Questa notte un boato, causato dall’impatto di un missile – probabilmente iraniano -, ha scosso la base italiana di Erbil, nel Kurdistan iracheno. Tanta paura ma, come hanno fatto sapere le autorità, fortunatamente non sono state registrate vittime e feriti tra i militari italiani presenti nell’installazione.
Ad evitare il disastro è stato il sistema di allerta precoce che ha permesso di attivare le procedure di sicurezza in largo anticipo, con il personale italiano che al momento dell’esplosione si trovava già al sicuro all’interno del bunker.
Crosetto: “Missile contro la nostra base”

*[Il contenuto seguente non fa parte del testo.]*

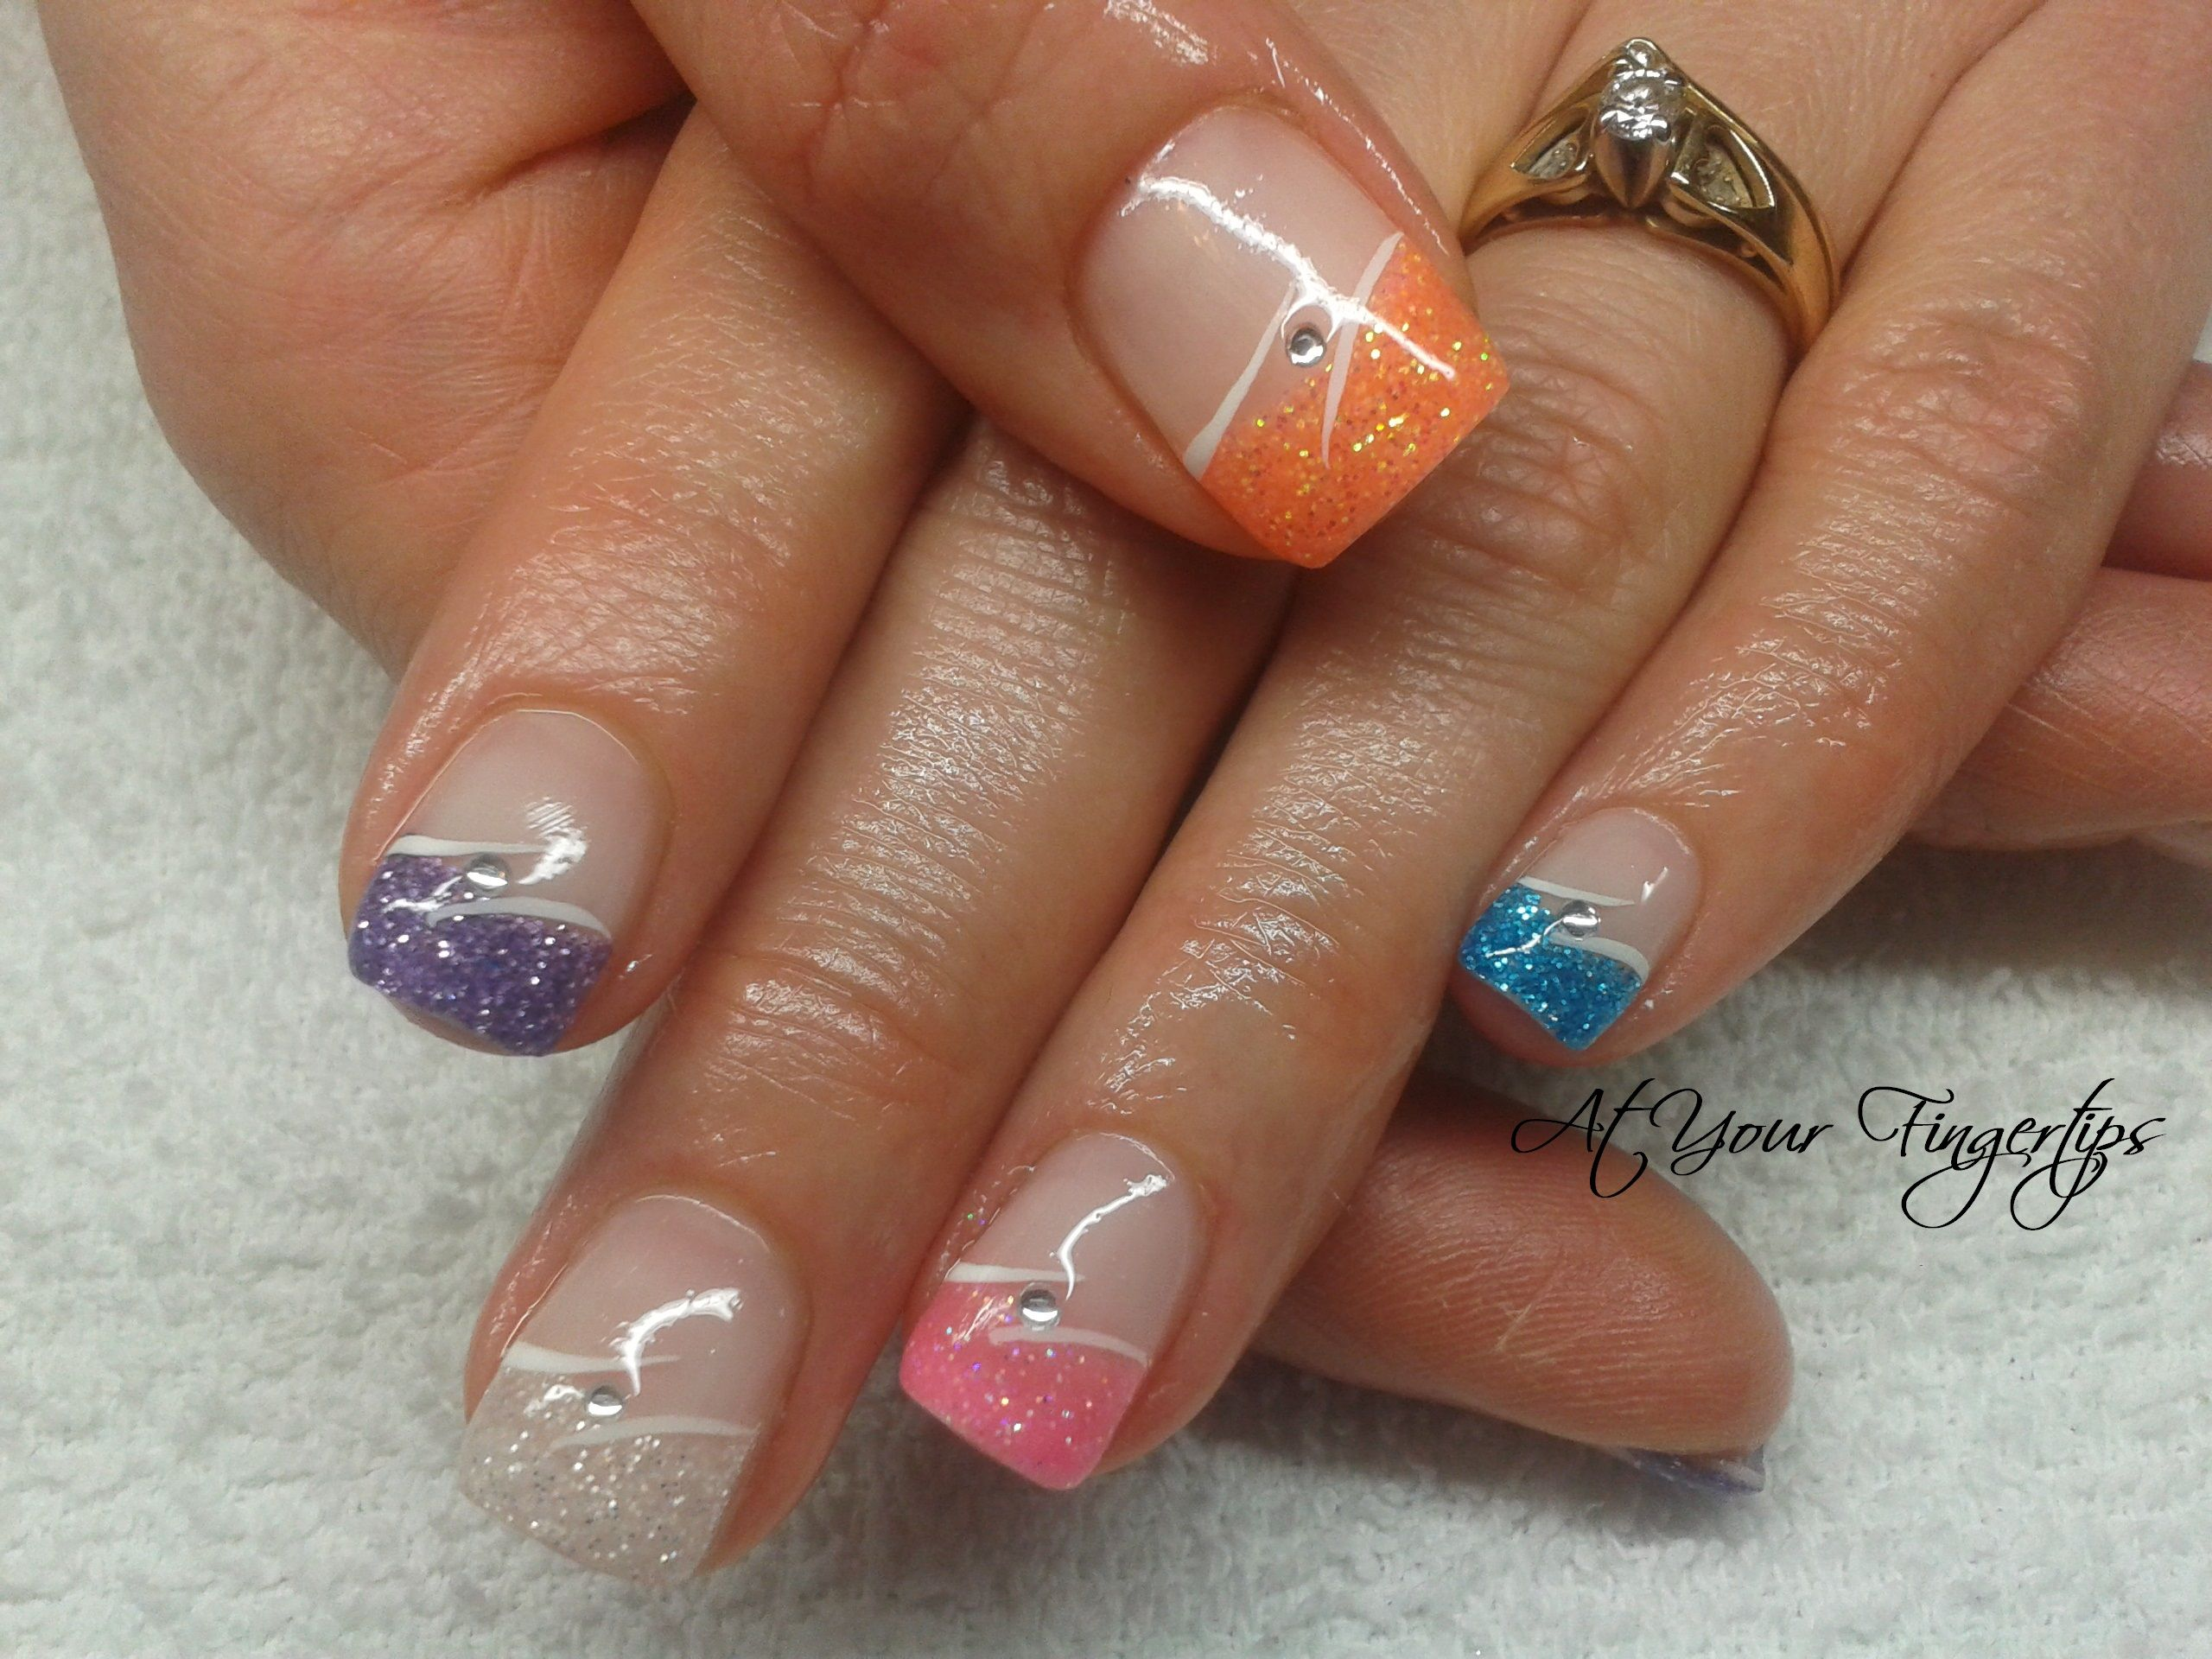 gel nails | nail art | Pinterest | Fancy nail art, Fancy nails ...

Il primo a intervenire è stato il ministro della Difesa Guido Crosetto, che ha raccontato di “un missile che ha colpito la nostra base di Erbil. Non ci sono vittime né feriti tra il personale italiano. Stanno tutti bene”. Il ministro ha poi spiegato di essere in costante contatto con il capo di Stato maggiore della Difesa e con il comando operativo delle missioni, per monitorare la situazione e valutare i rischi per i militari italiani presenti nell’area perché il timore è che simili episodi possano ripetersi.
Tajani: “Attacco inaccettabile, serve de-escalation”
Sul caso è intervenuto anche il ministro degli Esteri Antonio Tajani che, durante collegamento con la trasmissione Realpolitik su Rete4, ha parlato apertamente di “attacco inaccettabile”, aggiungendo anche che prima di indicare le responsabilità dietro all’atttacco sarà necessario effettuare un accertamento preciso.
Quel che è certo è che Tajani ha detto di avere già parlato con l’ambasciatore italiano in Iraq, confermando le informazioni rilasciate da Crosetto, in quanto “per fortuna i nostri militari stanno tutti bene e sono al sicuro nel bunker”. Un raid che per il titolare della Farnesina dimostra come il clima nell’area sia teso e che “dobbiamo lavorare sempre per la de-escalation e proteggere i nostri militari”.
Il comandante della base: “Procedure già rodate”
A raccontare cos’è successo alla base è stato il comandante Stefano Pizzotti che a Sky TG24 ha rivelato che l’allarme è scattato alle 20.30. “Seguendo procedure già rodate ci siamo recati nei bunker assegnati”, ha spiegato all’emittente televisiva. Un allerta precoce che si è concretizzato poco prima dell’una di notte ora locale quando la presunta minaccia aerea si è concretizzata.
Ora, come assicurato da Pizzotti, sul postono sono al lavoro gli artificieri della coalizione che stanno mettendo in sicurezza l’area.
Solidarietà bipartisan dal Parlamento
Davanti a questo inaccettabile attacco, la politica italiana è riuscita a compattarsi, parlando con una sola voce. Al Senato della Repubblica tutti i gruppi parlamentari hanno espresso vicinanza ai militari italiani impegnati all’estero e in particolare al contingente di Erbil, con la vicepresidente del Senato Mariolina Castellone e il ministro Adolfo Urso, che hanno ricordato come i militari italiani operino in aree dove il conflitto si sta allargando.
Sul punto il leader del Movimento 5 Stelle, Giuseppe Conte, ha espresso vicinanza ai militari italiani ma ha anche puntato il dito contro l’escalation nella regione che spaventa il Medio Oriente e il mondo intero. Con un lungo post sui social, il vertice dei pentastellati ha detto che “il Movimento 5 Stelle è vicino ai militari italiani che a Erbil hanno visto la loro base colpita da un drone: per fortuna sono illesi e sono in condizione di sicurezza. Altri 300 militari avevano rischiato in Kuwait”.
Ma lo stesso ha anche aggiunto che “in Medioriente ‘Save the Children’ denuncia che sta morendo un bambino all’ora come le 168 studentesse fra i 7 e i 12 anni bombardate in Iran. L’Italia non può più continuare a dire come ha fatto Meloni che ‘non ha elementi’ per condannare o condividere gli attacchi illegittimi di Israele e Usa da cui è scoppiato questo conflitto. L’escalation, gli attacchi e le risposte stanno creando morte, distruzione, danni economici enormi”.